Tragbare Fluoreszenzdetektionsvorrichtung nach Anspruch 1, ferner umfassend einen Reaktionsblock mit konstanter Temperatur und ein Detektionsmodul zum Steuern der Probentemperatur, dadurch gekennzeichnet, dass das Laserlichtquellenmodul und das Detektionsmodul jeweils auf beiden Seiten des Probenpoolmoduls angeordnet sind.
Tragbare Fluoreszenzdetektionsvorrichtung nach Anspruch 10, dadurch gekennzeichnet, dass das Probenpoolmodul auch einen Probenbehälter umfasst, wobei der Probenbehälter in einem Reaktionsblock mit konstanter Temperatur installiert ist, wobei der Probenbehälter einen Reaktionsbecher und eine Reaktionsbecherabdeckung umfasst.
Tragbare Fluoreszenzdetektionsvorrichtung nach Anspruch 11, dadurch gekennzeichnet, dass der Reaktionsblock mit konstanter Temperatur mit einer zum Probenbehälter passenden Basis versehen ist, wobei die Öffnung des Reaktionsblocks mit konstanter Temperatur nach oben gerichtet ist, so dass der Probenbehälter von oben nach unten in die Basis des Reaktionsblocks mit konstanter Temperatur eingeführt wird.
Tragbare Fluoreszenzdetektionsvorrichtung nach einem der Ansprüche 10 bis 12, dadurch gekennzeichnet, dass der Reaktionsblock mit konstanter Temperatur mit einem lichtdurchlässigen Loch zum Durchlaufen eines Lasers oder einer Fluoreszenz versehen ist.
Tragbare Fluoreszenzdetektionsvorrichtung nach Anspruch 10, dadurch gekennzeichnet, dass das Laserlichtquellenmodul und das Detektionsmodul jeweils auf beiden Seiten des Probenpoolmoduls angeordnet sind und in einem Winkel von 90 Grad angeordnet sind.

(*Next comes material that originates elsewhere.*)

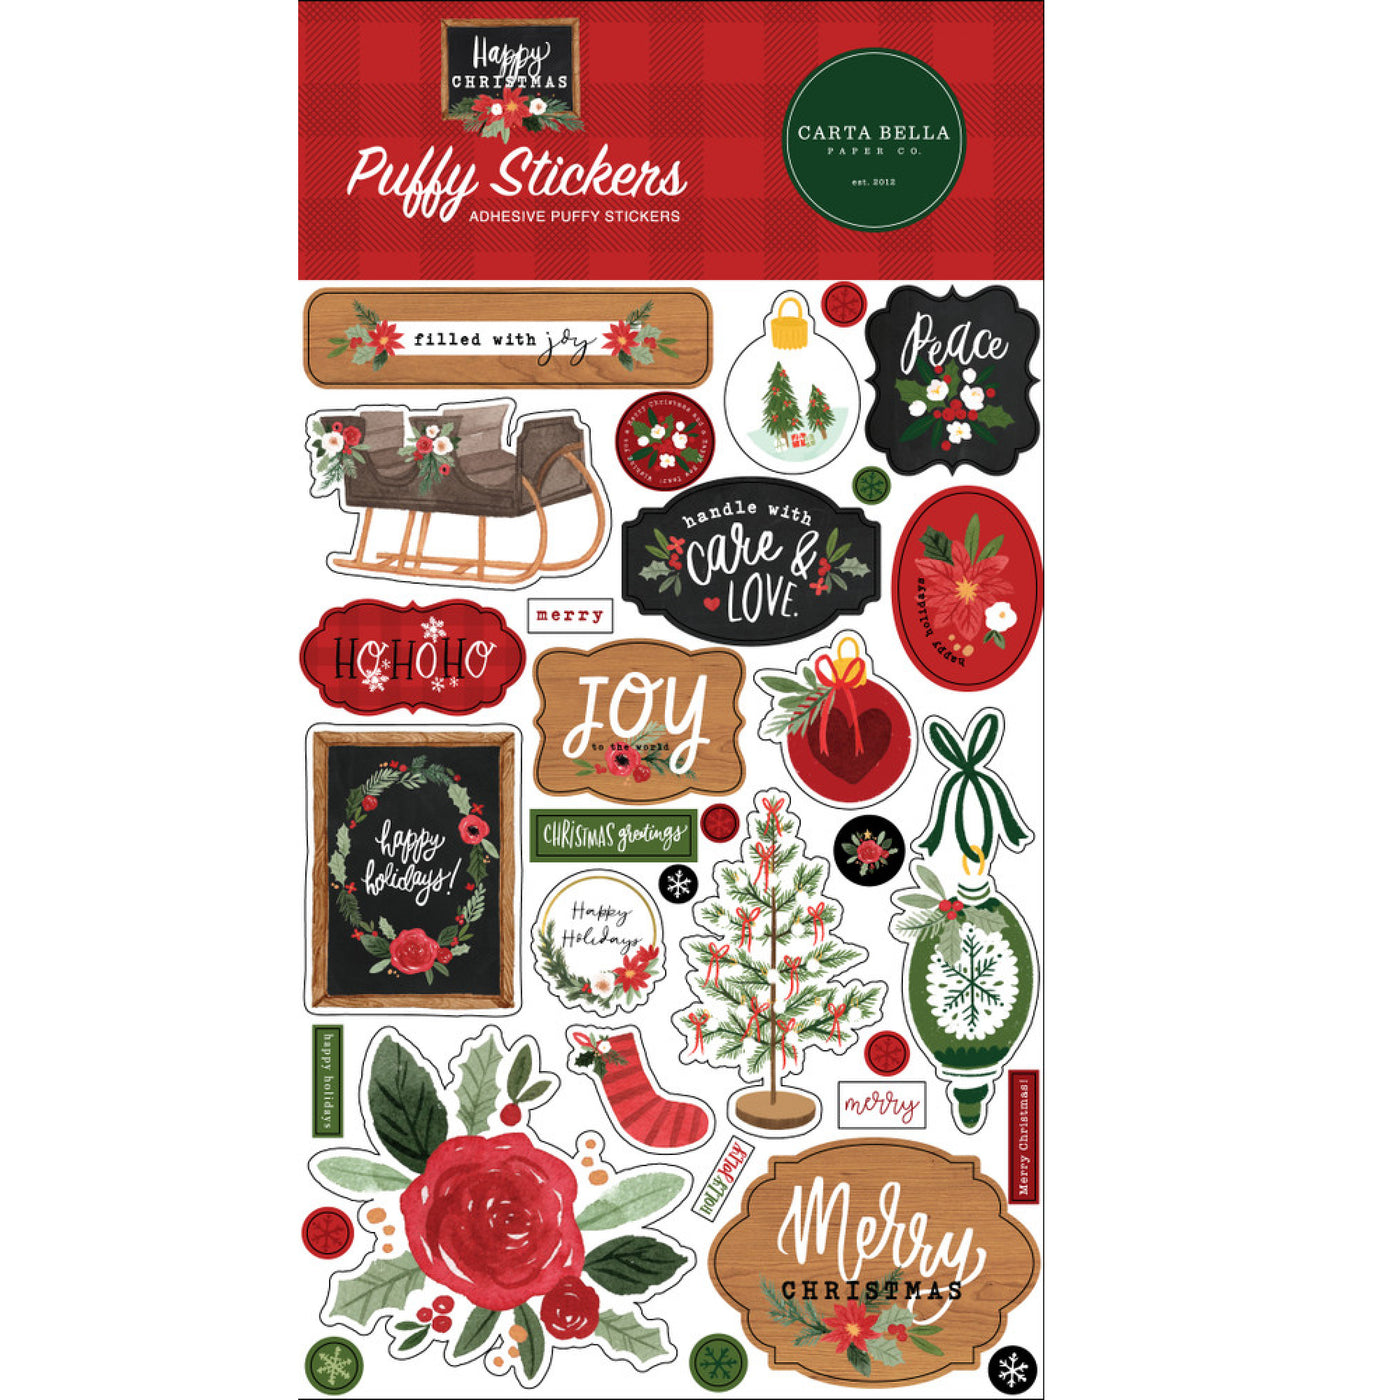 32 Puffy Stickers in various shapes and sizes; adhesive back, designed to coordinate with Happy Christmas Collection by Carta Bella.

Tragbare Fluoreszenzdetektionsvorrichtung nach Anspruch 1, dadurch gekennzeichnet, dass der Laser einen Laserkopf und einen Installationsbehälter des Laserkopfs umfasst.
Tragbare Fluoreszenzdetektionsvorrichtung nach Anspruch 10, dadurch gekennzeichnet, dass das Detektionsmodul einen Empfänger zum Empfangen von Fluoreszenz umfasst, wobei der Empfänger einen Installationsblock der Signalübertragungsplatine und eine Signalempfangsplatine umfasst.

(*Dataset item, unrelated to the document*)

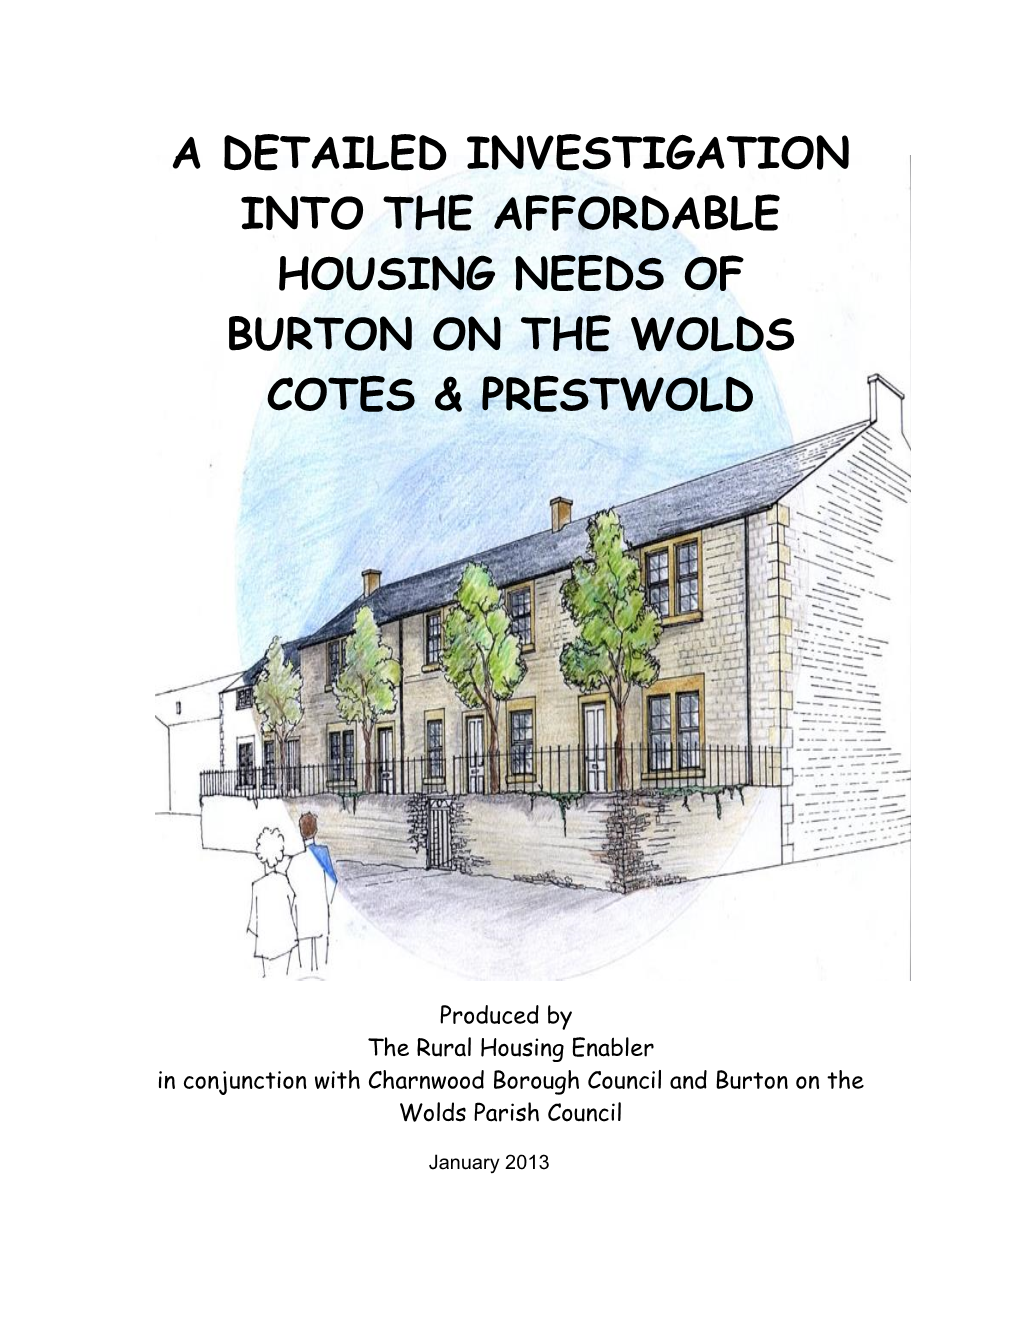 Burton on the Wolds Cotes Prestwold Rural Housing Need

Tragbare Fluoreszenzdetektionsvorrichtung nach Anspruch 10, dadurch gekennzeichnet, dass das Laserlichtquellenmodul 1 bis 4 Laser umfasst, wobei das Detektionsmodul 1 bis 4 Empfänger entsprechend umfasst.
Tragbare Fluoreszenzdetektionsvorrichtung nach Anspruch 10, dadurch gekennzeichnet, dass die Fluoreszenzdetektionsvorrichtung auch eine Hauptsteuerplatine und eine Basis umfasst, wobei die Hauptsteuerplatine zum Umwandeln eines optischen Signals in ein elektrisches Signal, zum anschließenden Übertragen an einen Anzeigebildschirm und zum Ausgeben eines digitalen Signals verwendet wird.

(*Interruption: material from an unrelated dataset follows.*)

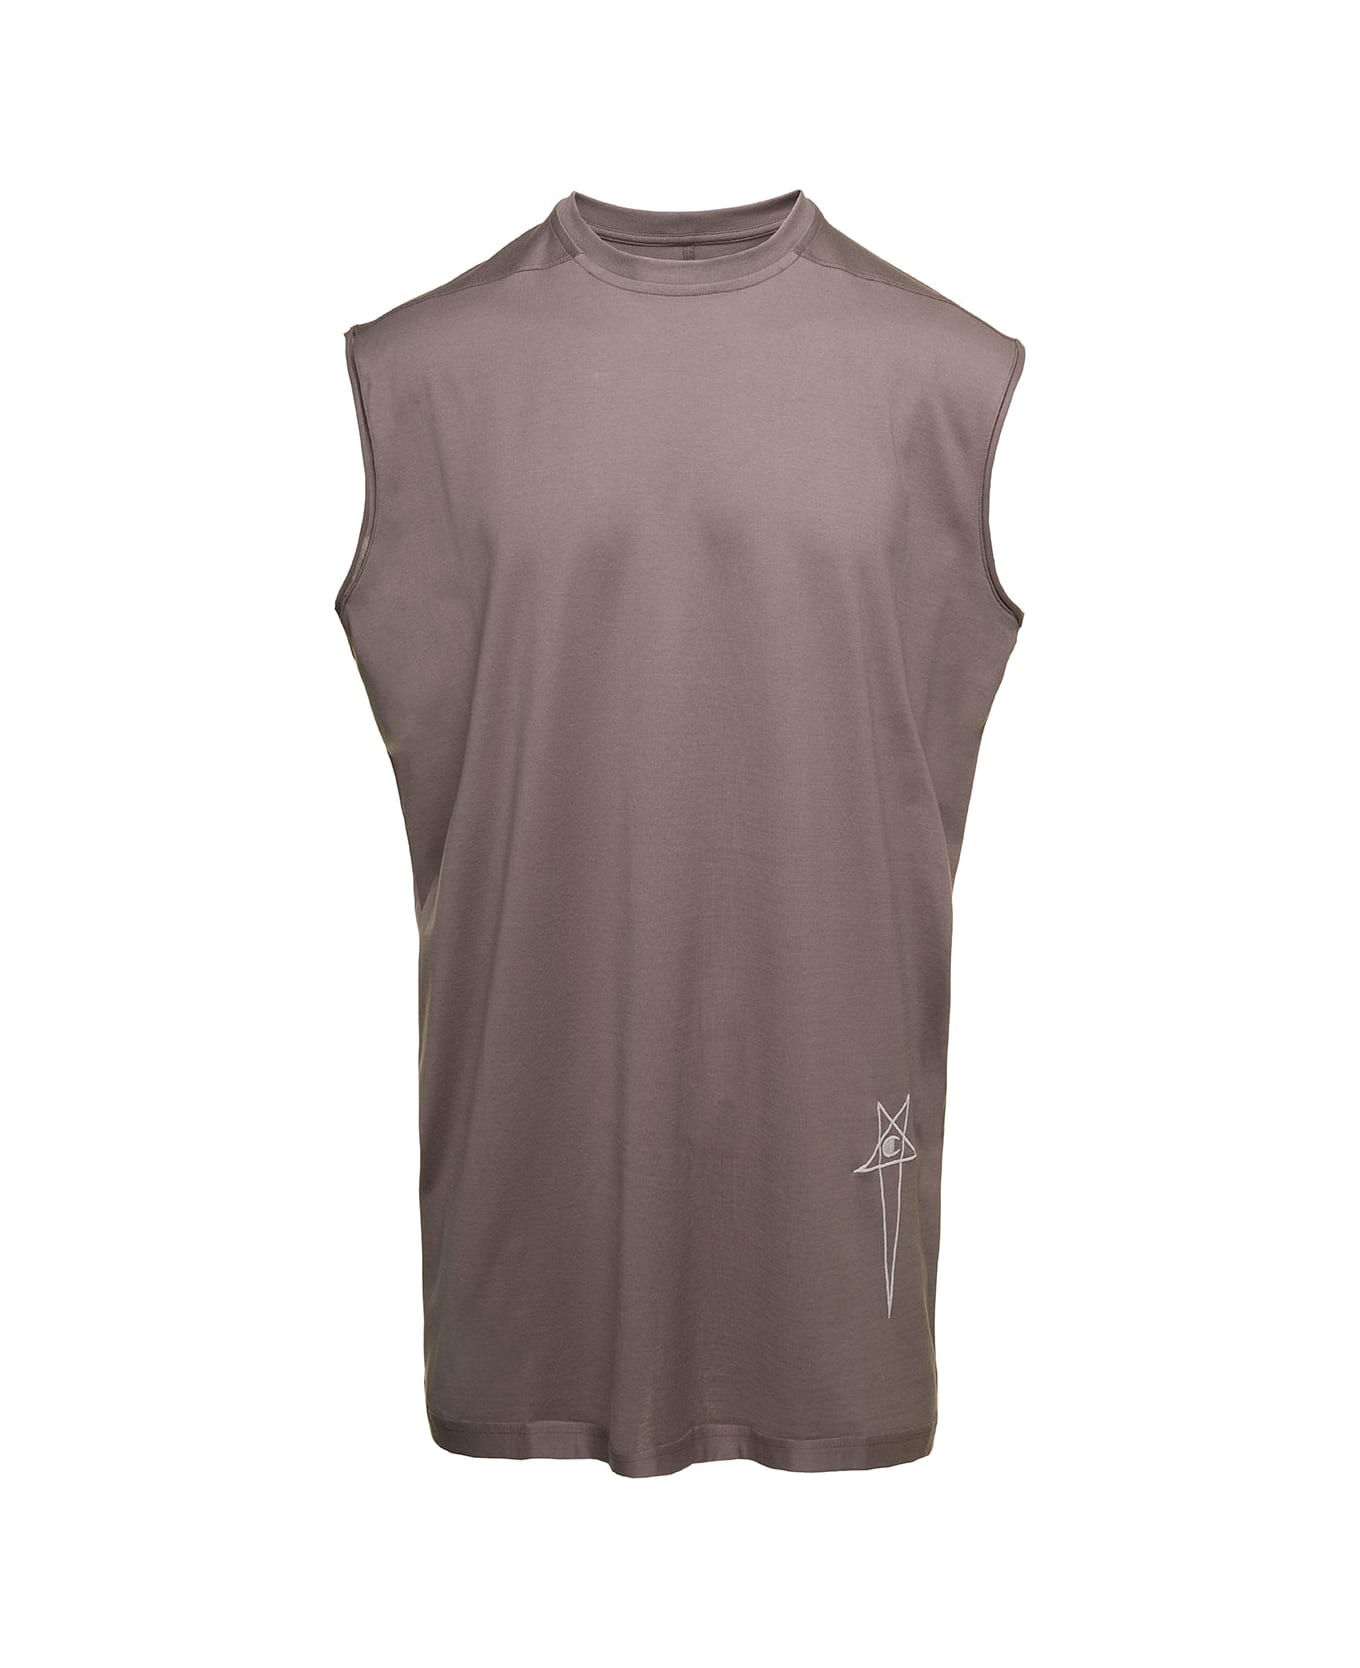 Rick Owens x Champion 'tarp T' Grey Sleeveless Top With Small Pentagram Embroidery In Cotton Man - DUST

Verfahren zum Verbessern der Empfindlichkeit einer Fluoreszenzdetektionsvorrichtung, dadurch gekennzeichnet, dass ein Laser als Anregungslichtquelle in der Fluoreszenzdetektionsvorrichtung verwendet wird, so dass die Empfindlichkeit der Fluoreszenzdetektionsvorrichtung durch Vergrößerung des Wegabstands der vom Laser durchdrungenen Probe erhöht wird, wobei die Probe eine Zielnukleinsäure und eine fluoreszierende Substanz zum Markieren der Menge der Zielnukleinsäure enthält.